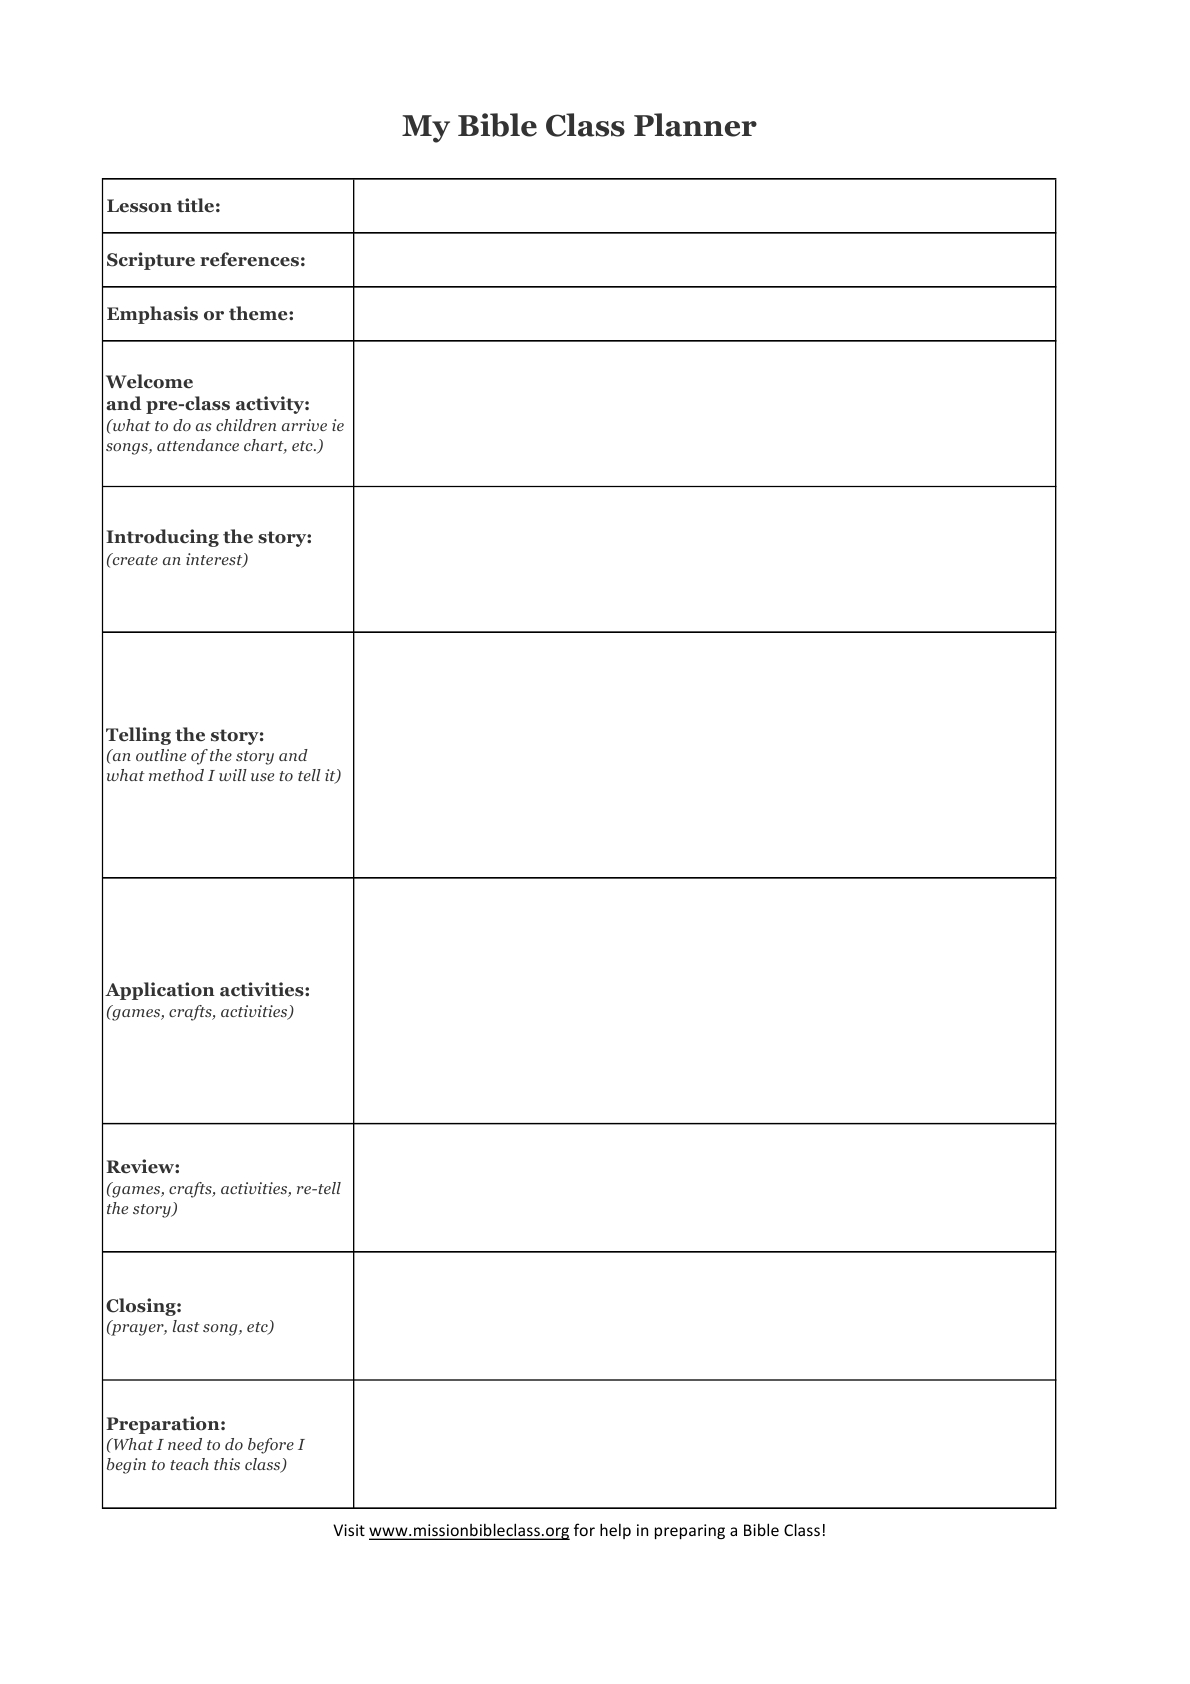 Blank Lesson Plan Templates To Print | Lesson Planning | Blank with Template Printable For Monthly Calendar Lesson Plans For Childrens Church
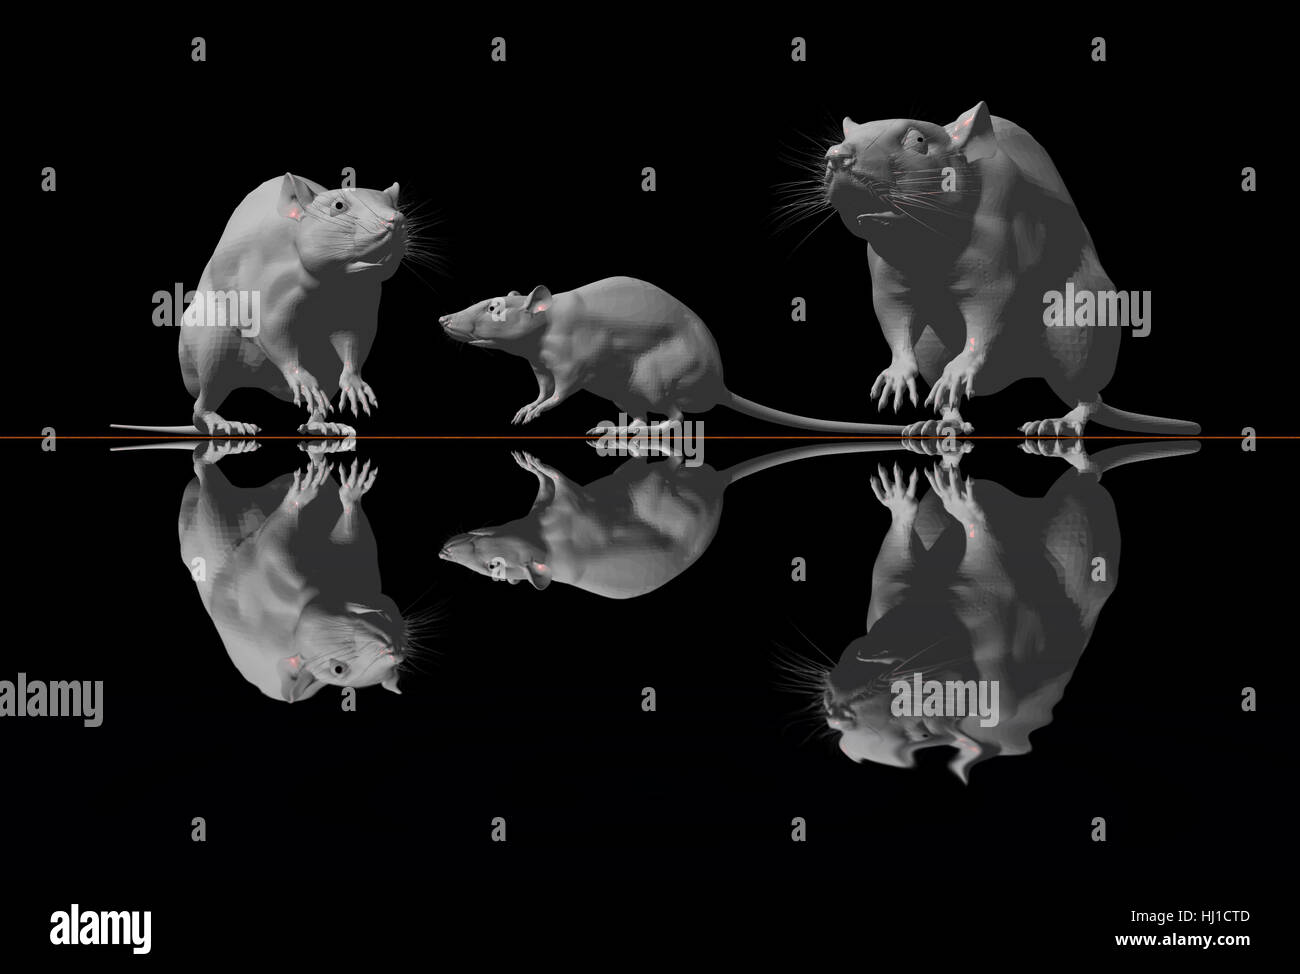 graphic, mirroring, three, mouse, mice, rat, rats, graphic, black, swarthy, Stock Photo
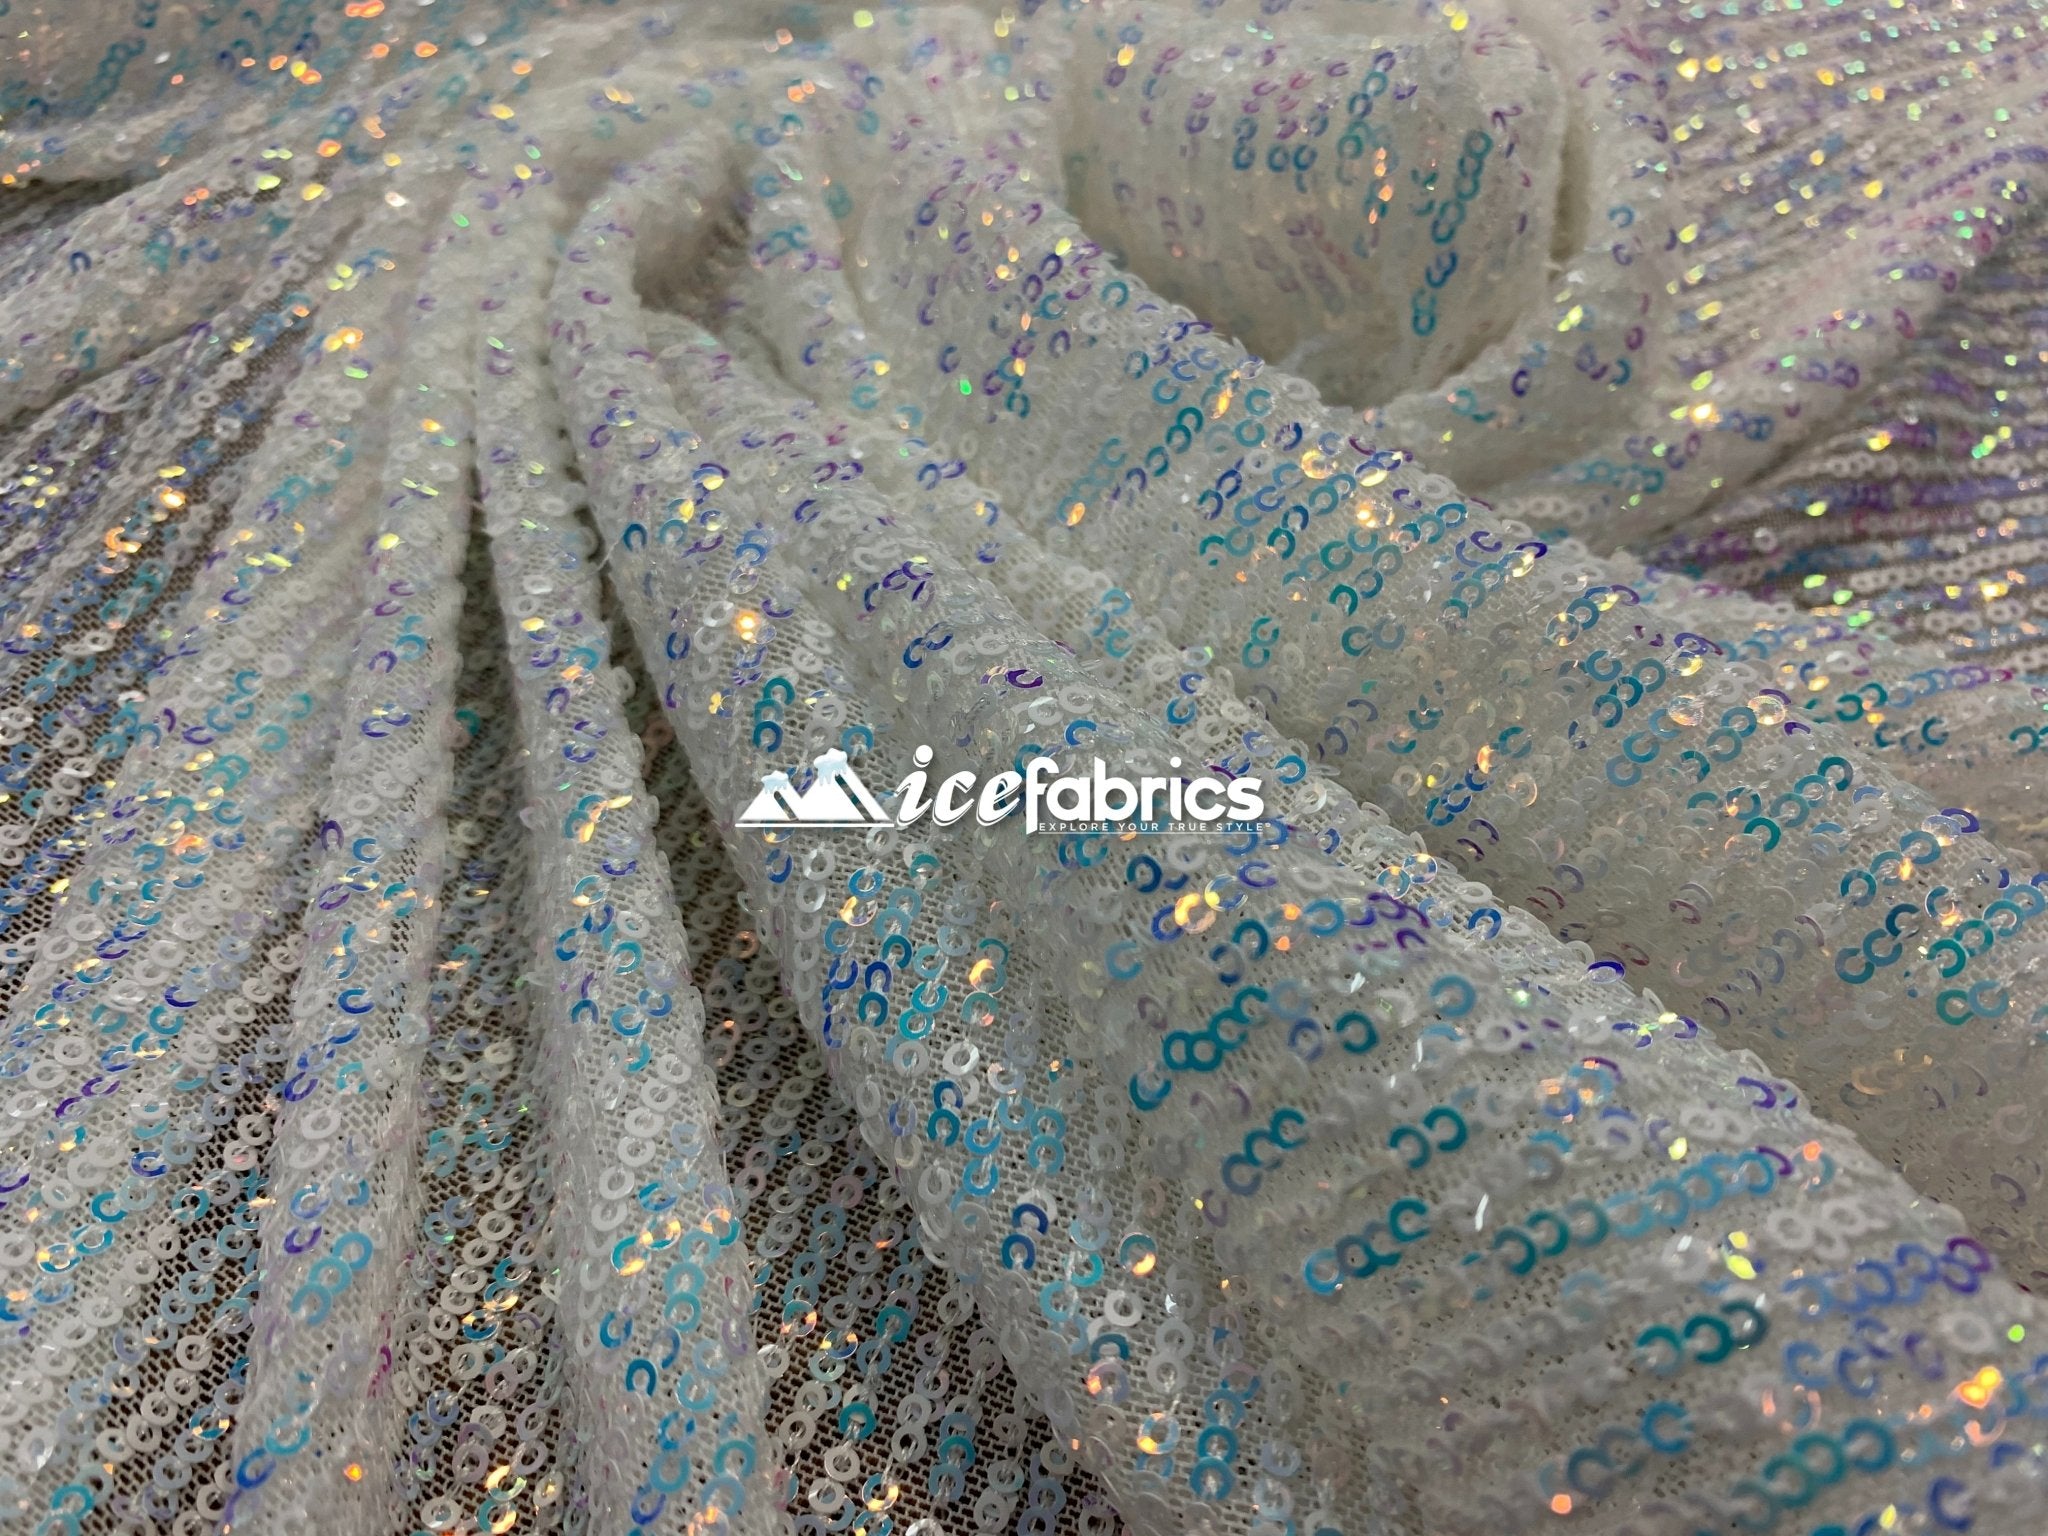 White Blue Iridescent Sequin 2 Way Mesh Stretch Sequins Fabric By The YardICEFABRICICE FABRICSWhite Blue Iridescent Sequin 2 Way Mesh Stretch Sequins Fabric By The Yard ICEFABRIC

---*---

- [Task instructions] Only an exact copy of the lines from the one with "swarthy, Stock Photo" through the last line of the data above is wanted, and no pictures.

- [Response to this task]
 graphic, mirroring, three, mouse, mice, rat, rats, graphic, black, swarthy, Stock Photo
 White Blue Iridescent Sequin 2 Way Mesh Stretch Sequins Fabric By The YardICEFABRICICE FABRICSWhite Blue Iridescent Sequin 2 Way Mesh Stretch Sequins Fabric By The Yard ICEFABRIC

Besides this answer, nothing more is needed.